BEGIN

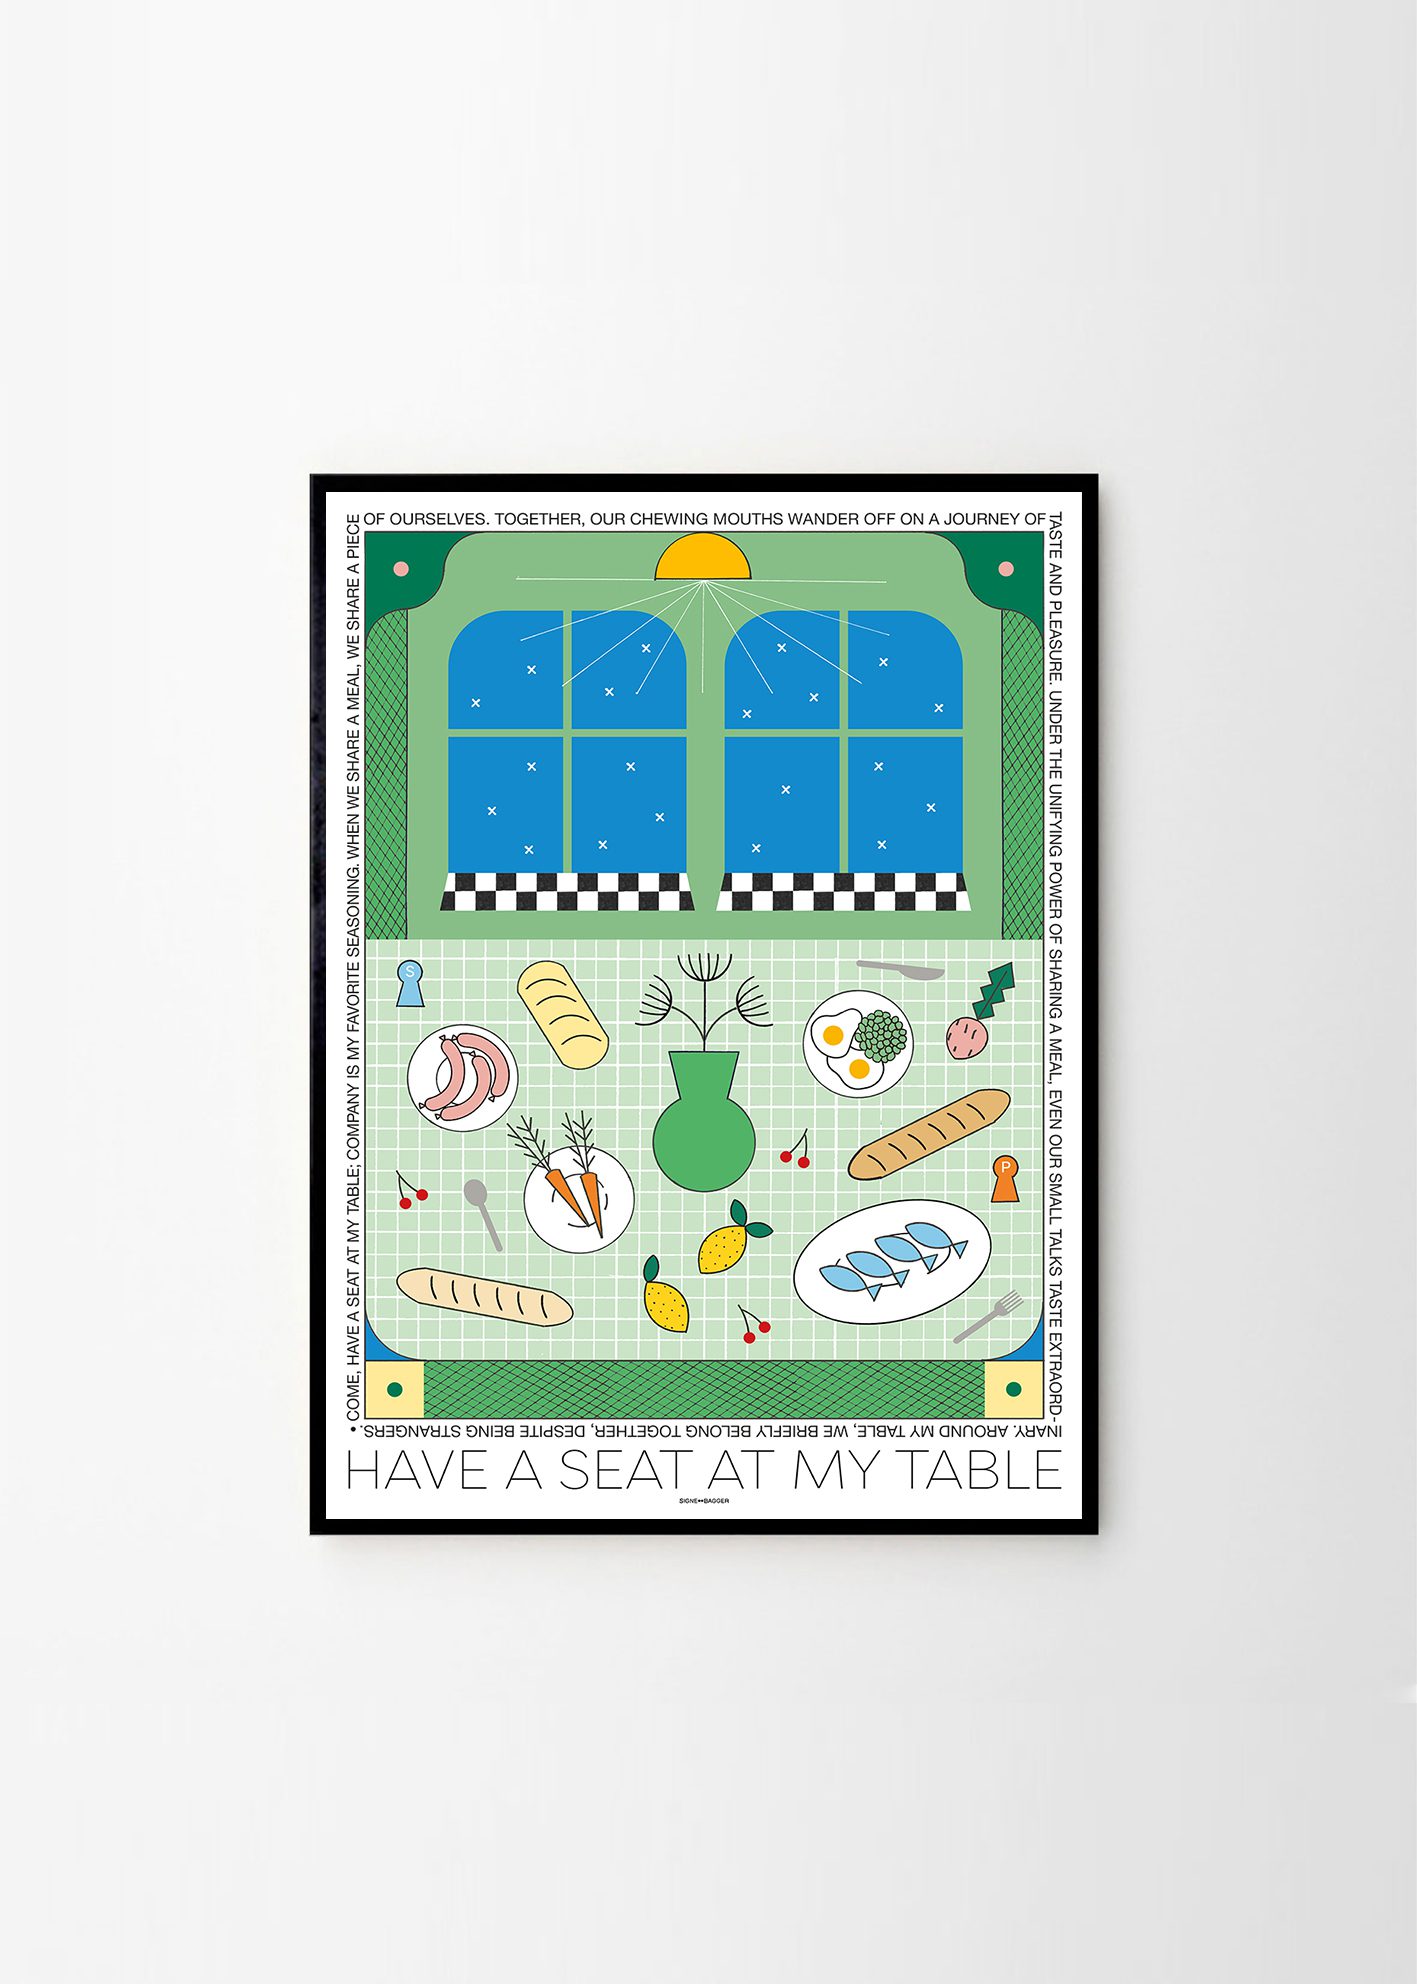 Signe Bagger, 'A Seat at my Table' art print for The Poster Club
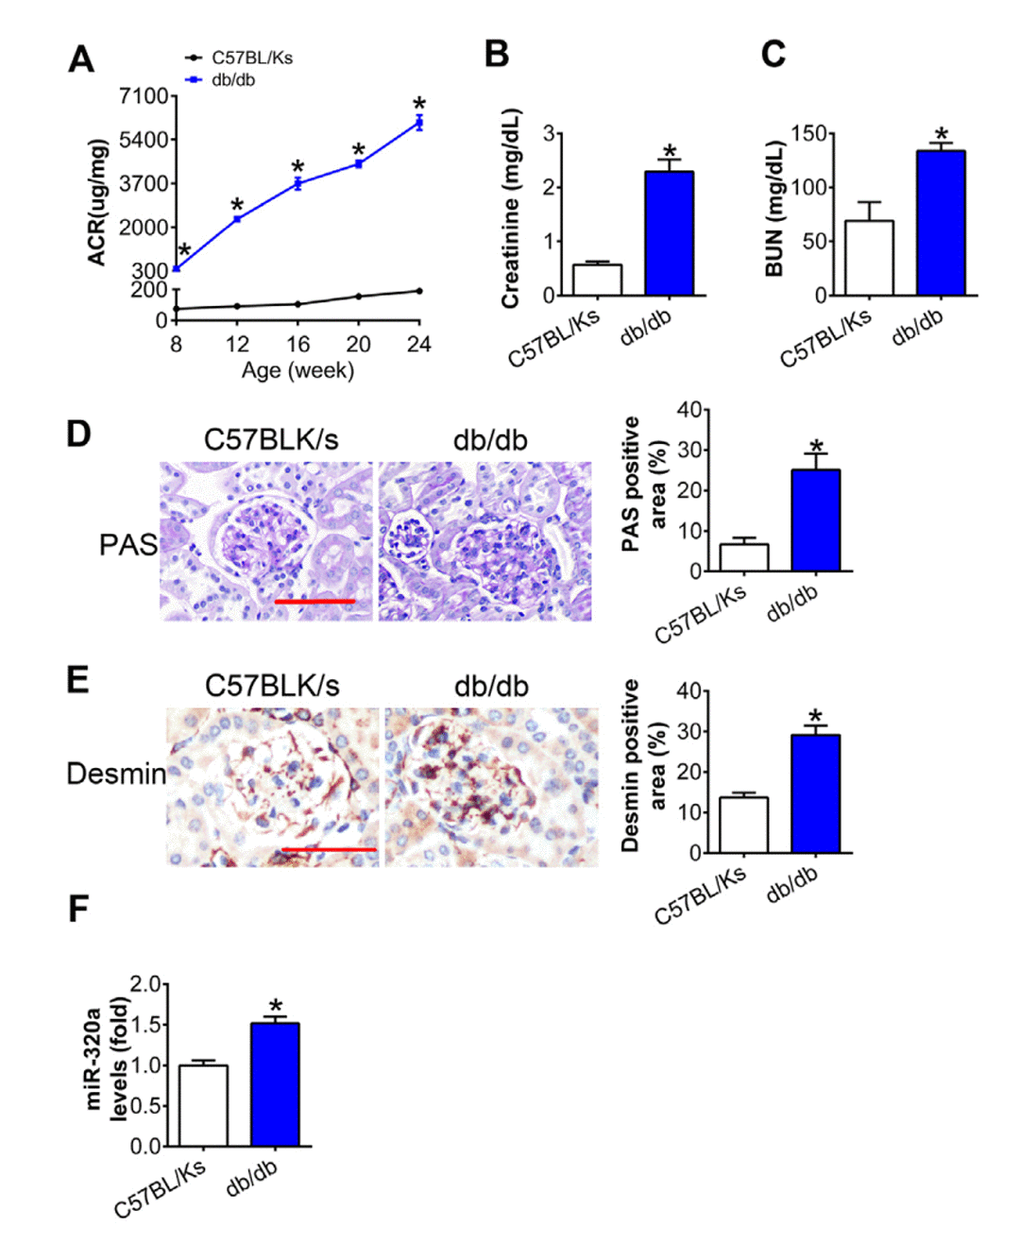 MiR-320a was increased in the kidney of diabetic mice. (A) Urinary ACR was determined every four weeks since the age of 8 weeks. (B) Serum creatinine and (C) BUN were detected at the age of 24 weeks. (D) Representative images of PAS staining of kidneys from C57BL/Ks and db/db mice. Scale bar, 50 μm. (E) Representative images of immunohistochemical staining of Desmin. Scale bar, 50 μm. (F) Relative miR-320a expression in renal cortex measured by real-time PCR. Data are expressed as mean ± SEM, n=8, *P
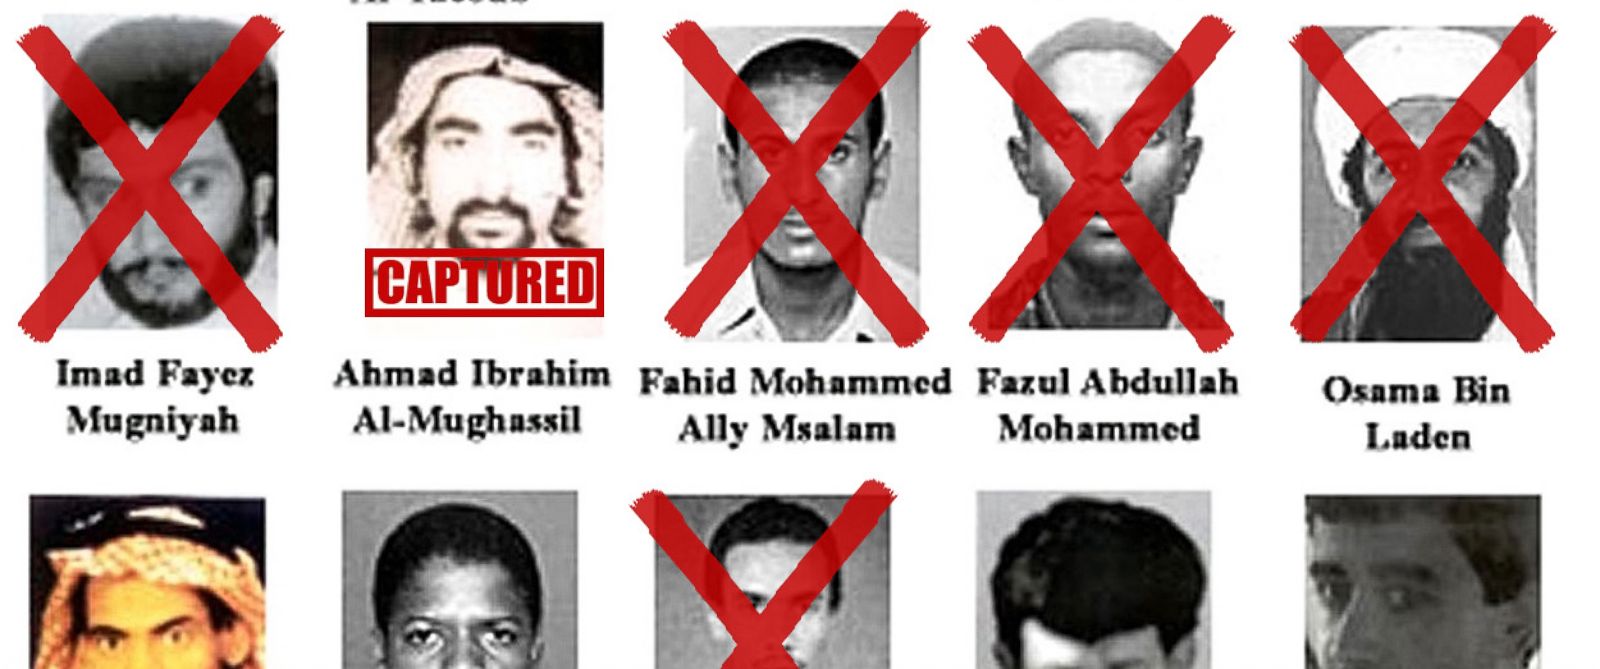 FBI's most wanted terrorists 15 years later The ones who got away
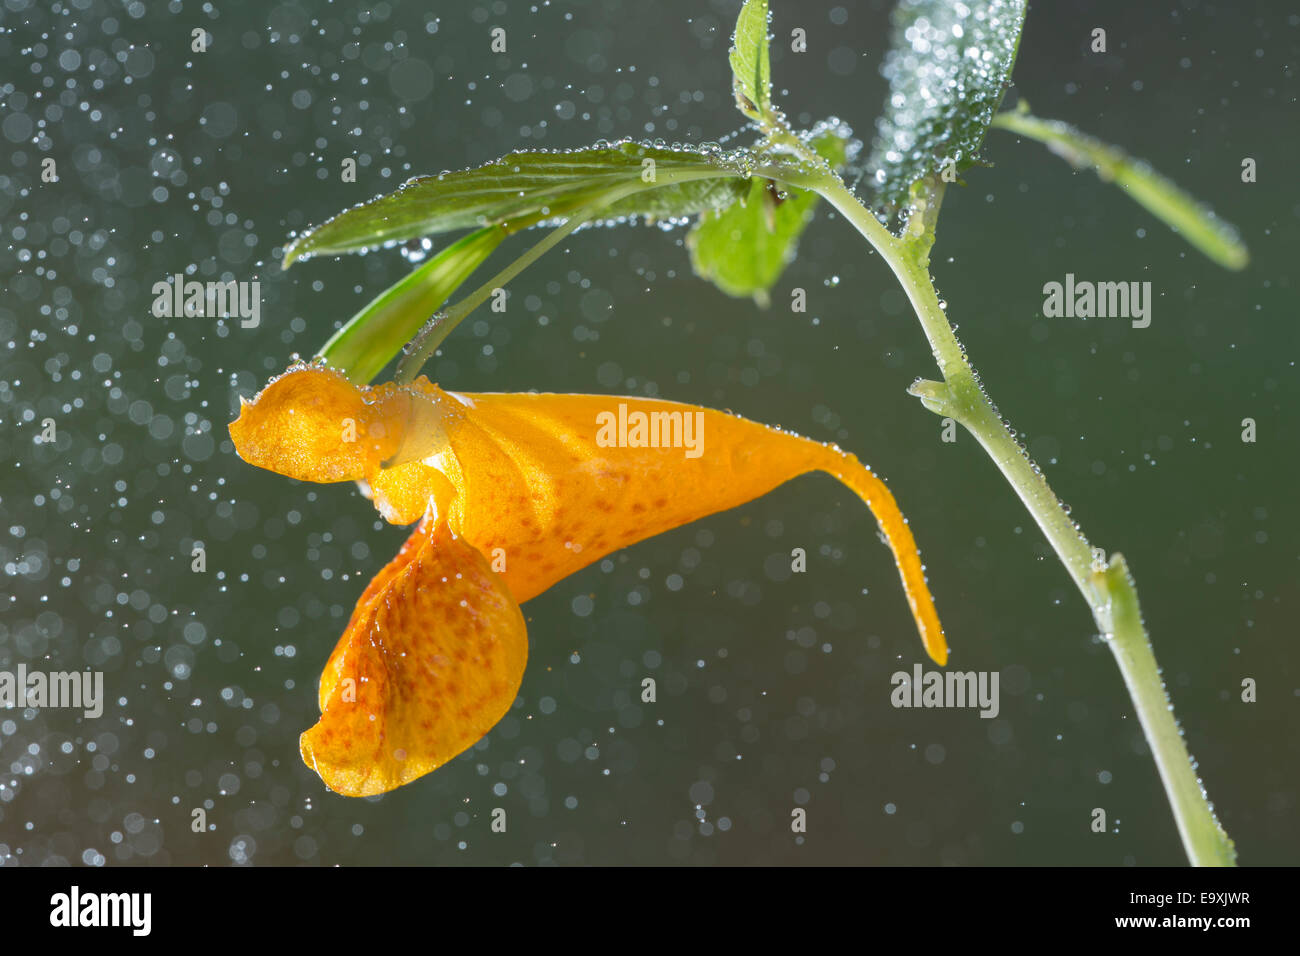 Impatiens capensis, the orange jewelweed, common jewelweed, spotted jewelweed, spotted touch-me-not flower with dew drops Stock Photo

END

What this task involves
Pictures must not appear in the copy, which must otherwise match the listing exactly.

Solution to the problem
 Signe Bagger, 'A Seat at my Table' art print for The Poster Club
 MiR-320a was increased in the kidney of diabetic mice. (A) Urinary ACR was determined every four weeks since the age of 8 weeks. (B) Serum creatinine and (C) BUN were detected at the age of 24 weeks. (D) Representative images of PAS staining of kidneys from C57BL/Ks and db/db mice. Scale bar, 50 μm. (E) Representative images of immunohistochemical staining of Desmin. Scale bar, 50 μm. (F) Relative miR-320a expression in renal cortex measured by real-time PCR. Data are expressed as mean ± SEM, n=8, *P
 FBI's most wanted terrorists 15 years later The ones who got away
 Impatiens capensis, the orange jewelweed, common jewelweed, spotted jewelweed, spotted touch-me-not flower with dew drops Stock Photo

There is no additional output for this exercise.